The task: Word for word, print each line of the listing below; pictures stay out.
(Beginning of Available data)
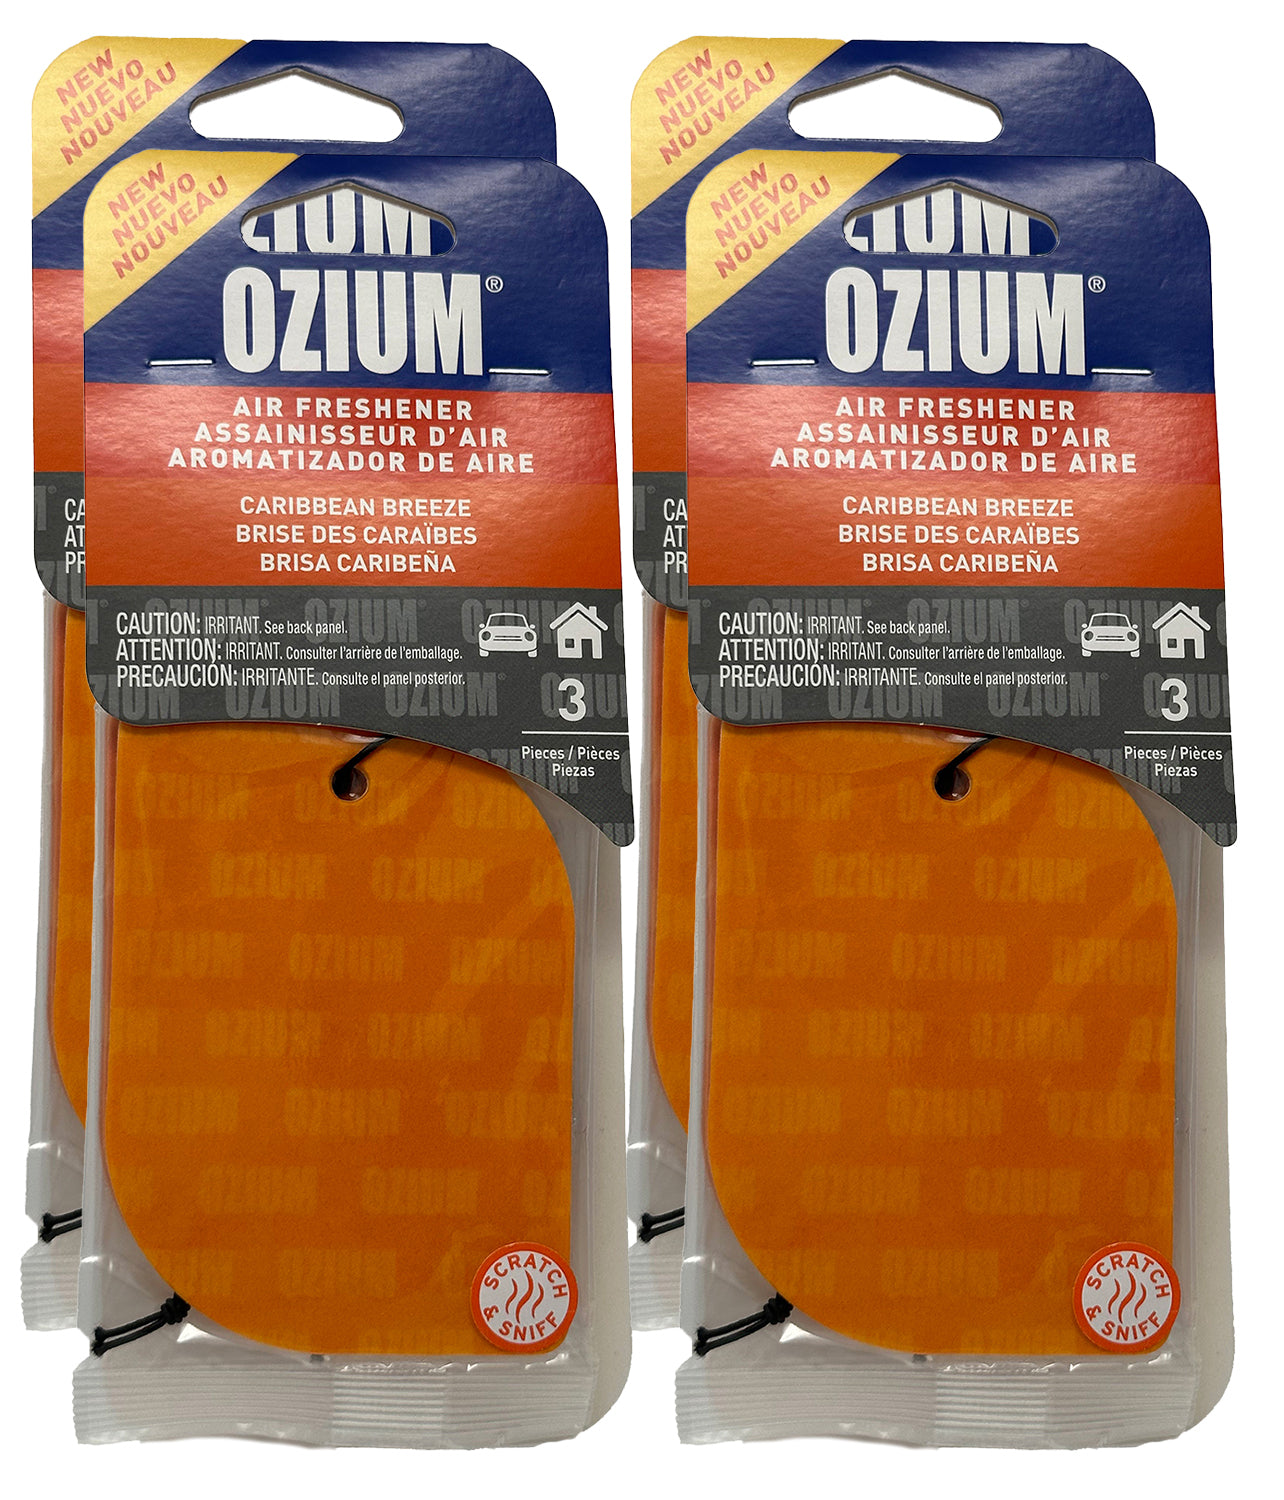 Ozium Paper Hanging Car Air Freshener with Odor Eliminator for Car -  Refresh Your Ride with Automotive Air Fresheners, Caribbean Breeze, 4 Packs  by GOSO Direct
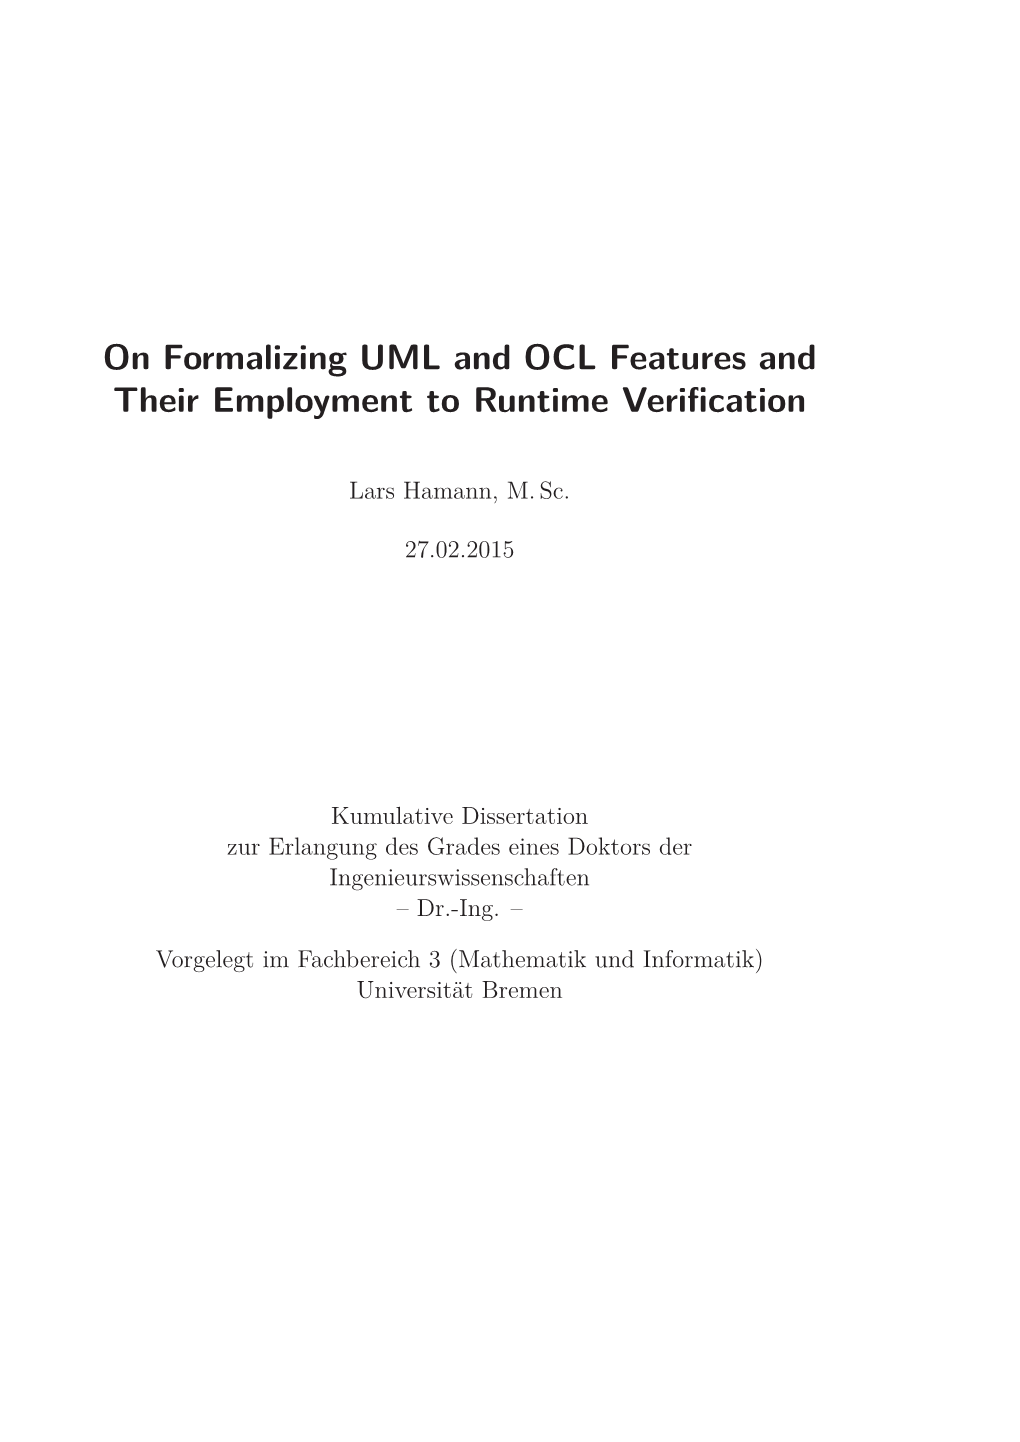 On Formalizing UML and OCL Features and Their Employment to Runtime Veriﬁcation
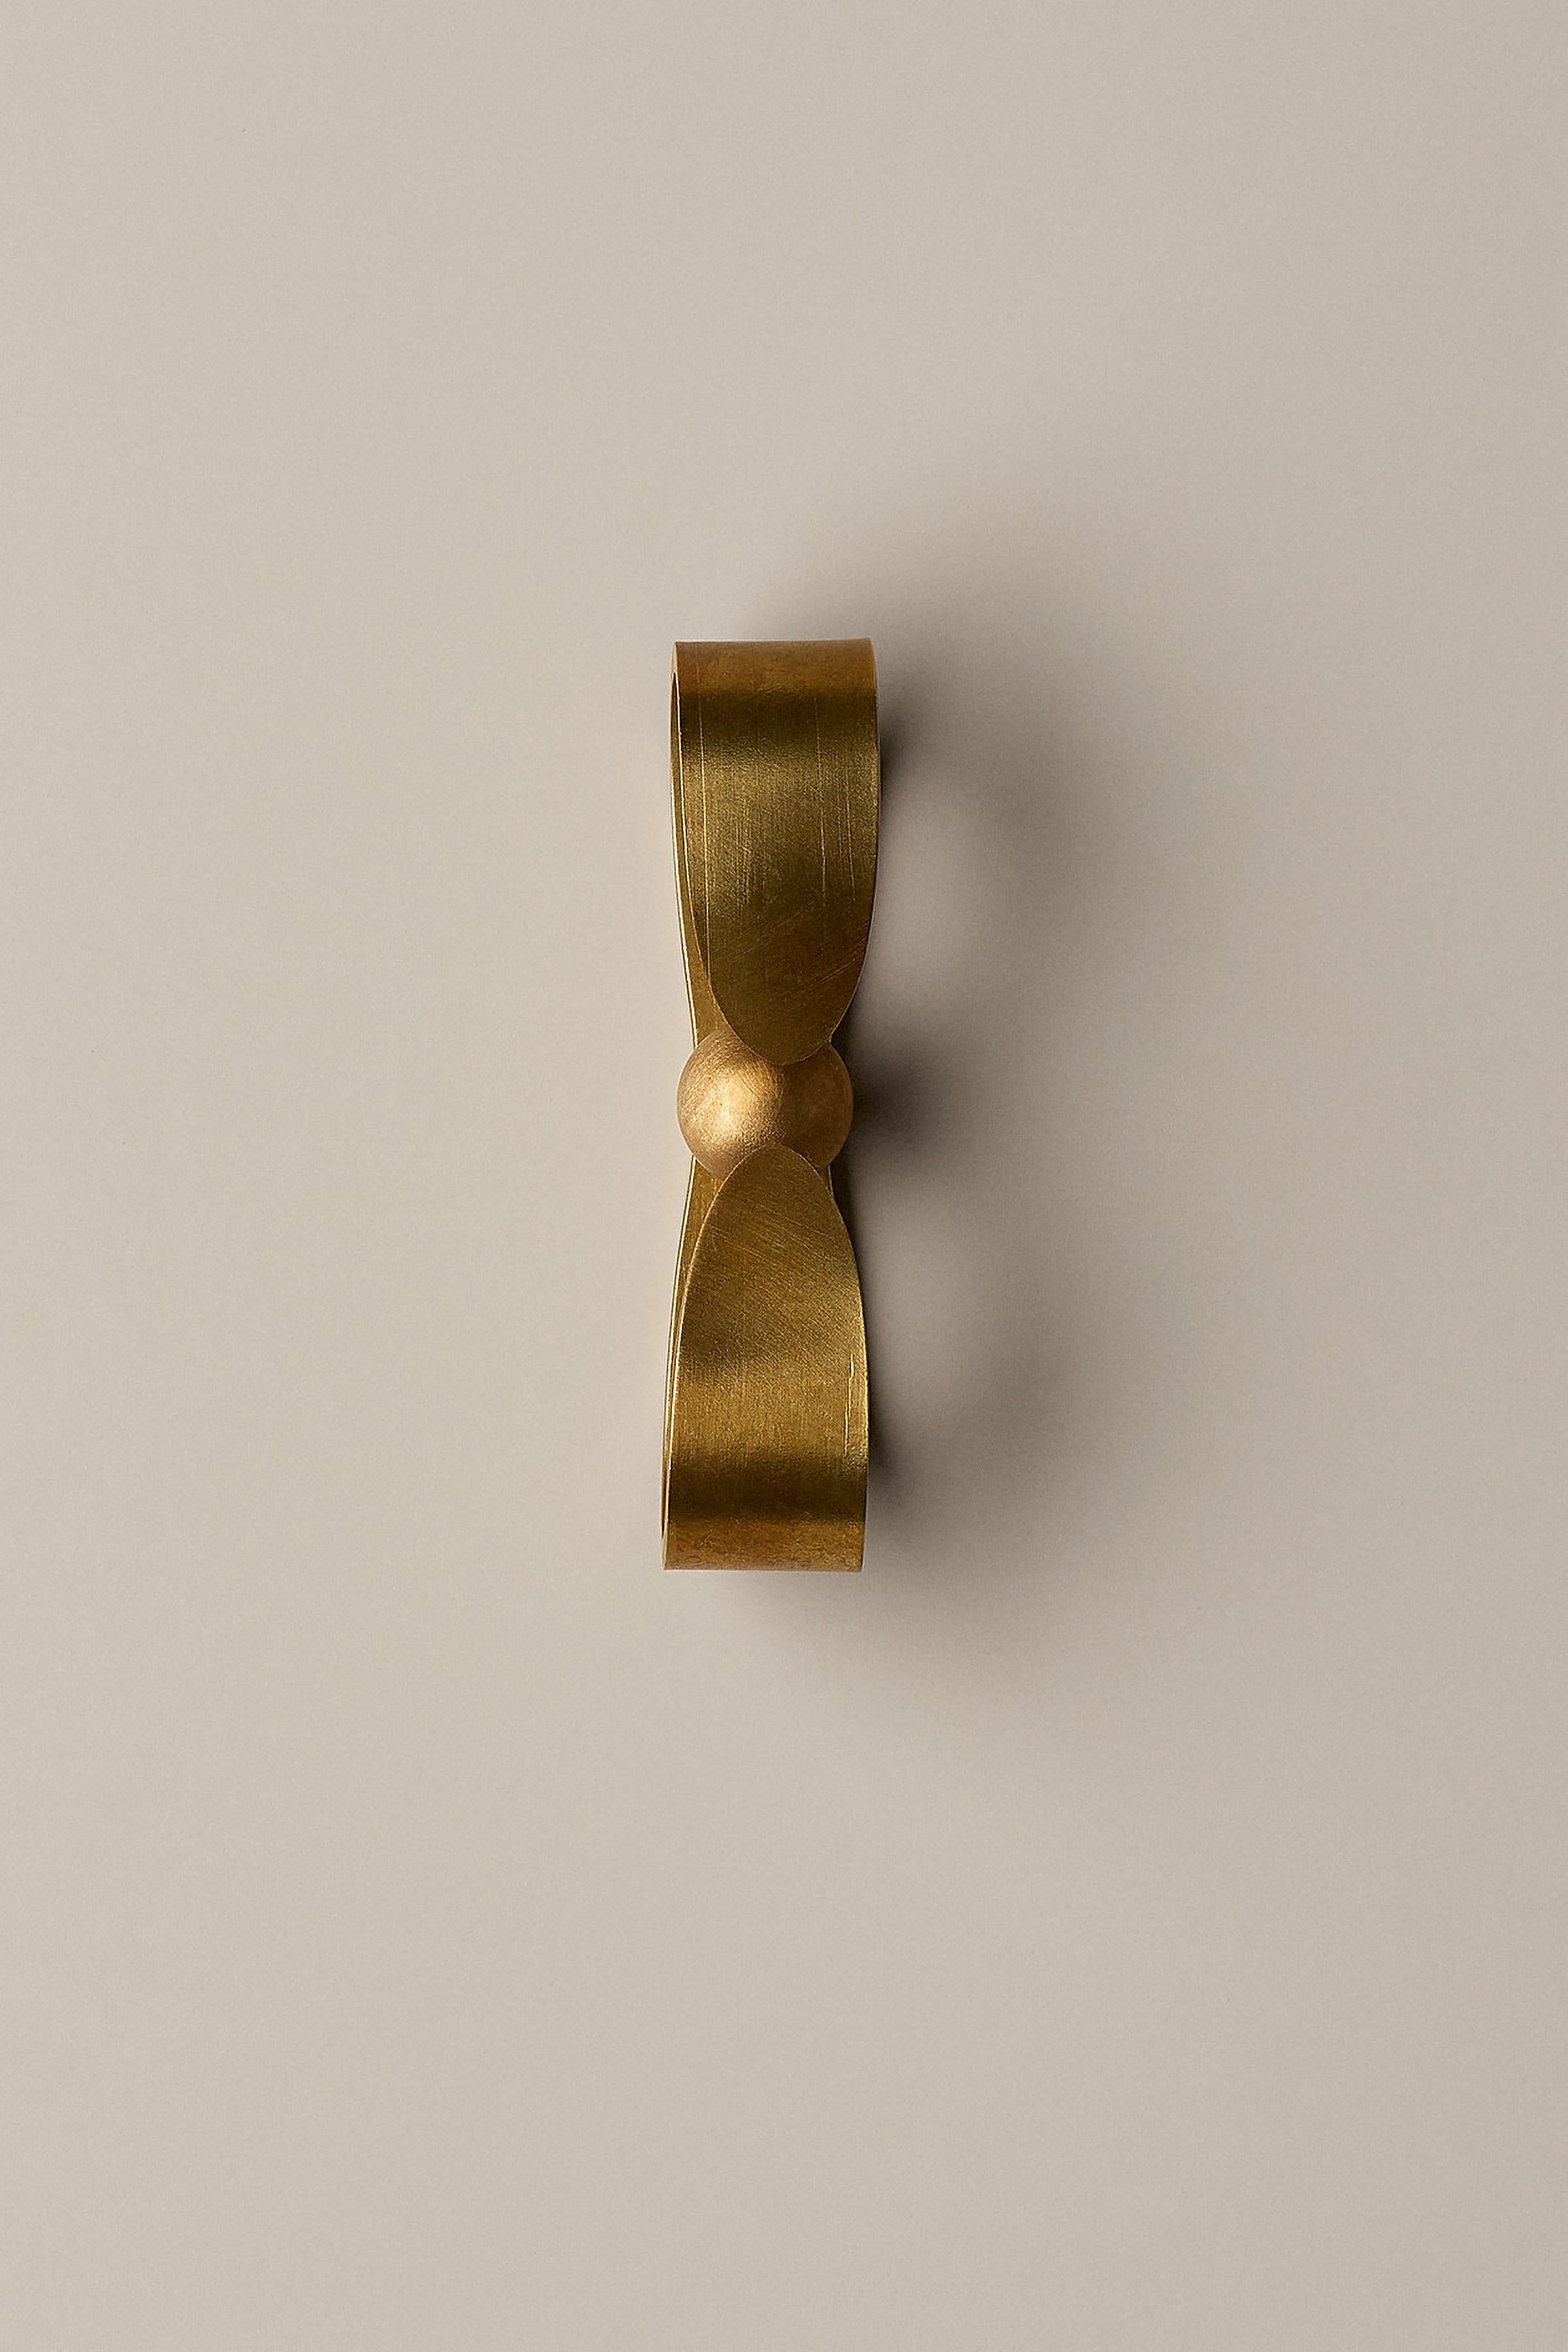 Swedish Contemporary Door Handle / Knob 'Prim' by Spaces Within, Amber Brass For Sale
(End of Available data)
Reply:
 Ozium Paper Hanging Car Air Freshener with Odor Eliminator for Car -  Refresh Your Ride with Automotive Air Fresheners, Caribbean Breeze, 4 Packs  by GOSO Direct
 On Formalizing UML and OCL Features and Their Employment to Runtime Veriﬁcation
 Swedish Contemporary Door Handle / Knob 'Prim' by Spaces Within, Amber Brass For Sale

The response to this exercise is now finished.